We all have heard about containers somewhere in our day to day job with different meanings like it is a kind of lightweight virtualisation or kind of like a chroot jail or just simply as Process Isolation. According to Docker, it is a standard unit of software that packages up code and all its dependencies so the application runs quickly and reliably from one computing environment to another.
In the official Docker Documentation, they mentioned that containers use several features of the Linux kernel and combines them into a wrapper called a container format. Those features are:-
- Namespaces
- Control groups
- Union file systems
Namespaces
Linux namespaces are the underlying technology behind the most modern container implementations. Namespaces are processes’ awareness of what else is running around them. Namespaces allow for isolating global system resources within a group of processes.
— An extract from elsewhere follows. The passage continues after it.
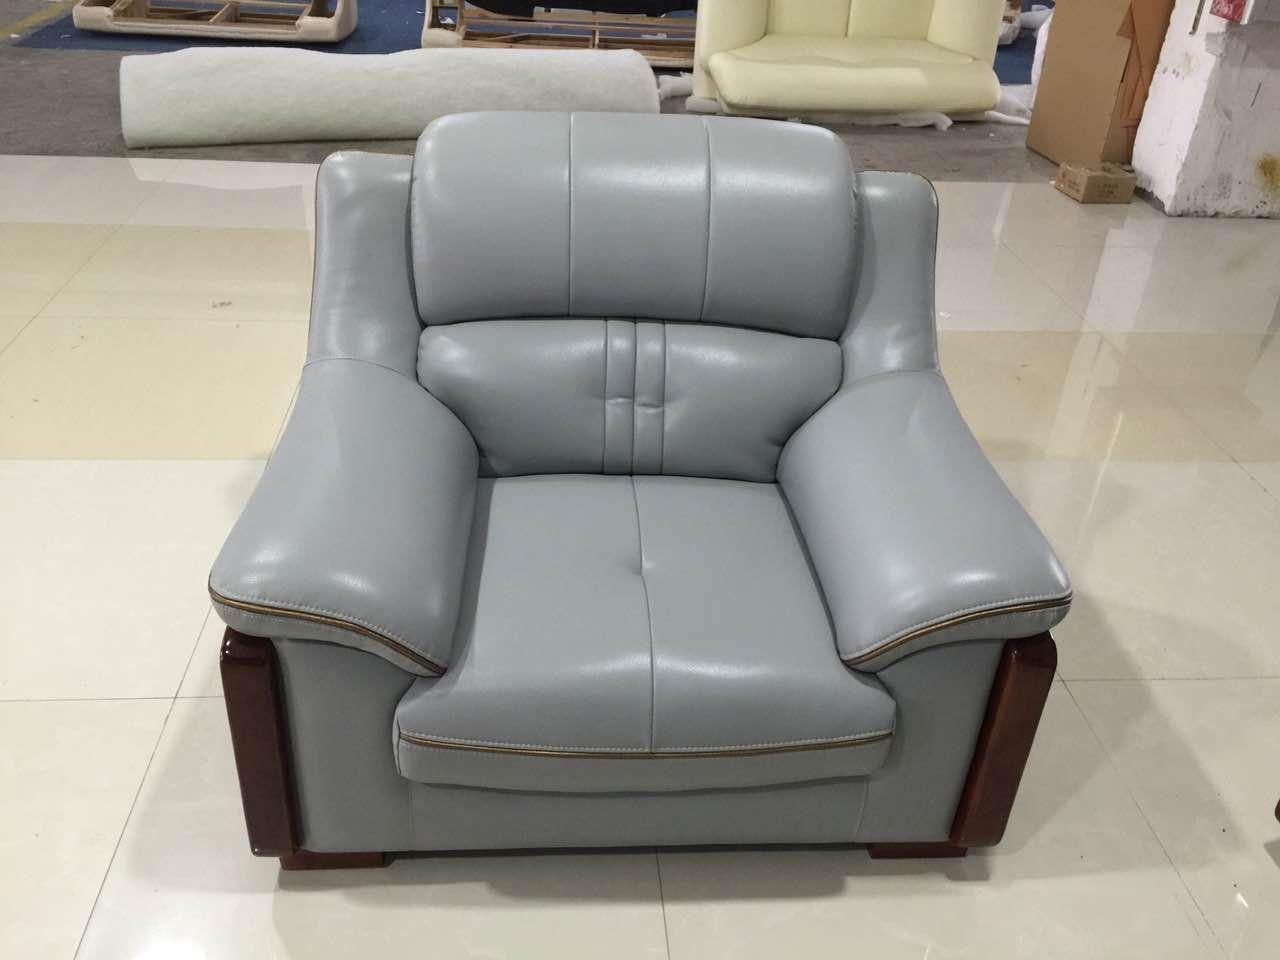 Good Looking Leather Sofa Comfortable One Seater Comfortable Sofa Living Room Sofa Design Modern Sofa Living Room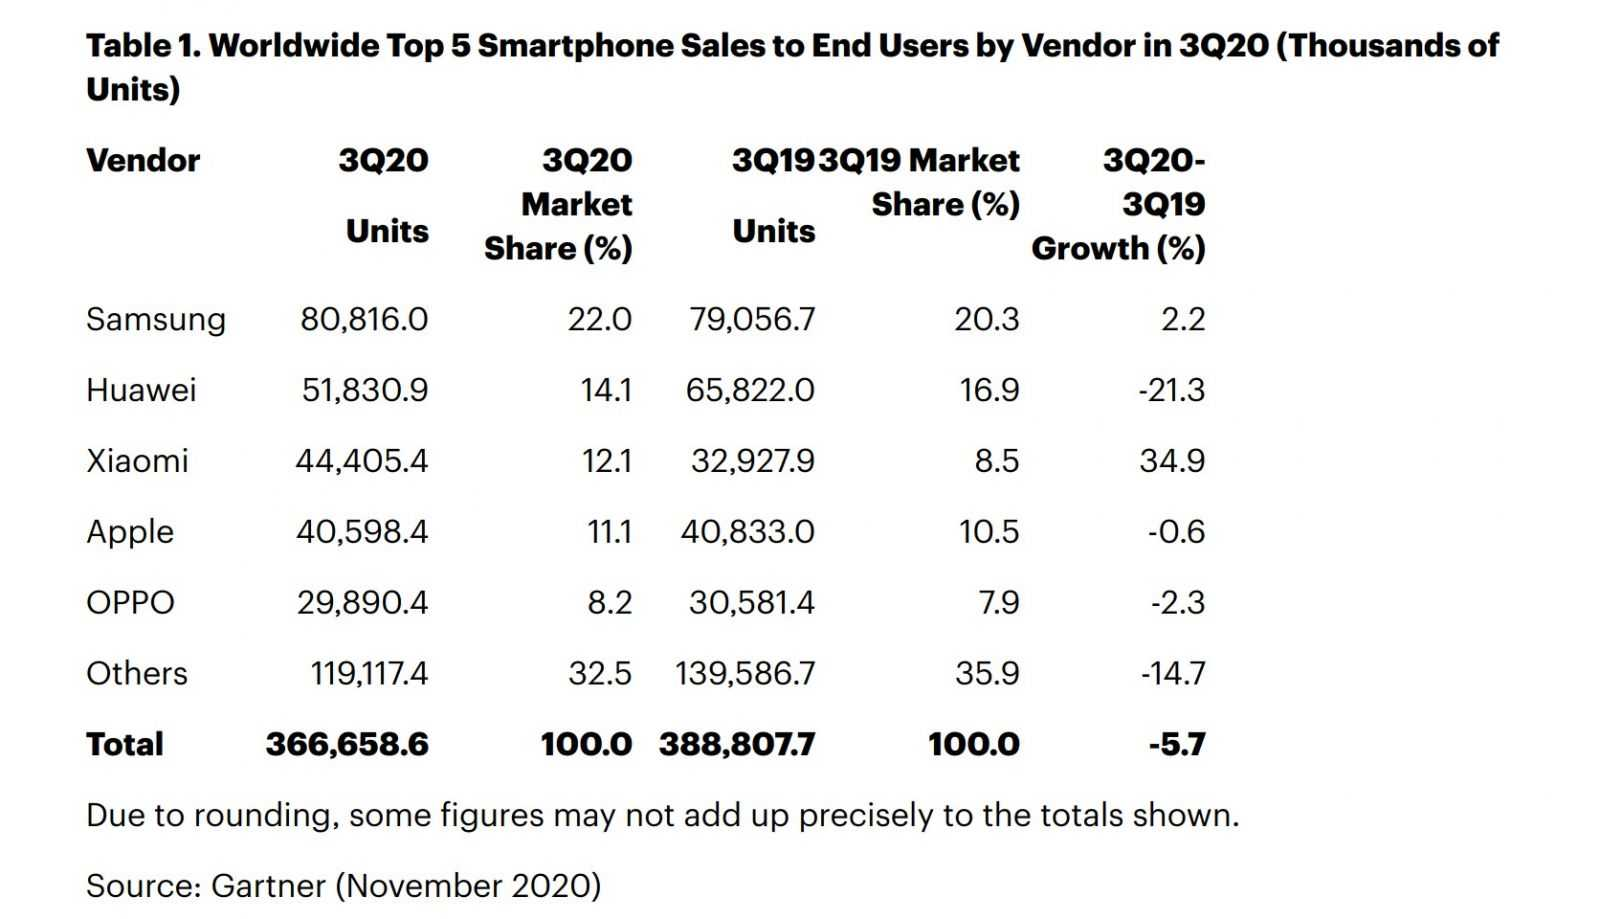 Xiaomi обгнала Apple и стала третьим по величине производителем смартфонов

To list the namespaces in your linux system, you can use the lsns command which provides information about all the namespaces in the system by reading directly from the /proc directory.
dopamine@x:~$ lsns -l
NS TYPE NPROCS PID USER COMMAND
4026531834 time 34 442 dopamine /lib/systemd/systemd --user
4026531835 cgroup 34 442 dopamine /lib/systemd/systemd --user
4026531837 user 34 442 dopamine /lib/systemd/systemd --user
4026531840 net 34 442 dopamine /lib/systemd/systemd --user
4026532244 ipc 34 442 dopamine /lib/systemd/systemd --user
4026532255 mnt 34 442 dopamine /lib/systemd/systemd --user
4026532256 uts 34 442 dopamine /lib/systemd/systemd --user
4026532257 pid 34 442 dopamine /lib/systemd/systemd --user
Control groups
A control group (cgroup) is a Linux kernel feature that limits, accounts for, and isolates the resource usage (CPU, memory, disk I/O, network, and so on) of a collection of processes. Docker and other containerization tools use cgroups to control how much of a given key resource (CPU, memory, network, and disk I/O) can be accessed or used by a process or set of processes. Cgroups are a key component of containers because there are often multiple processes running in a container that you need to control together. Cgroups are exposed by the kernel as a special file system you can mount.
Union file systems
Different filesystems have different rules about file attributes, sizes, names, and characters. Union filesystems are in a position where they often need to translate between the rules of different filesystems. It allows files and directories of separate file systems, known as branches, to be transparently overlaid, forming a single coherent file system. Contents of directories which have the same path within the merged branches will be seen together in a single merged directory, within the new, virtual filesystem.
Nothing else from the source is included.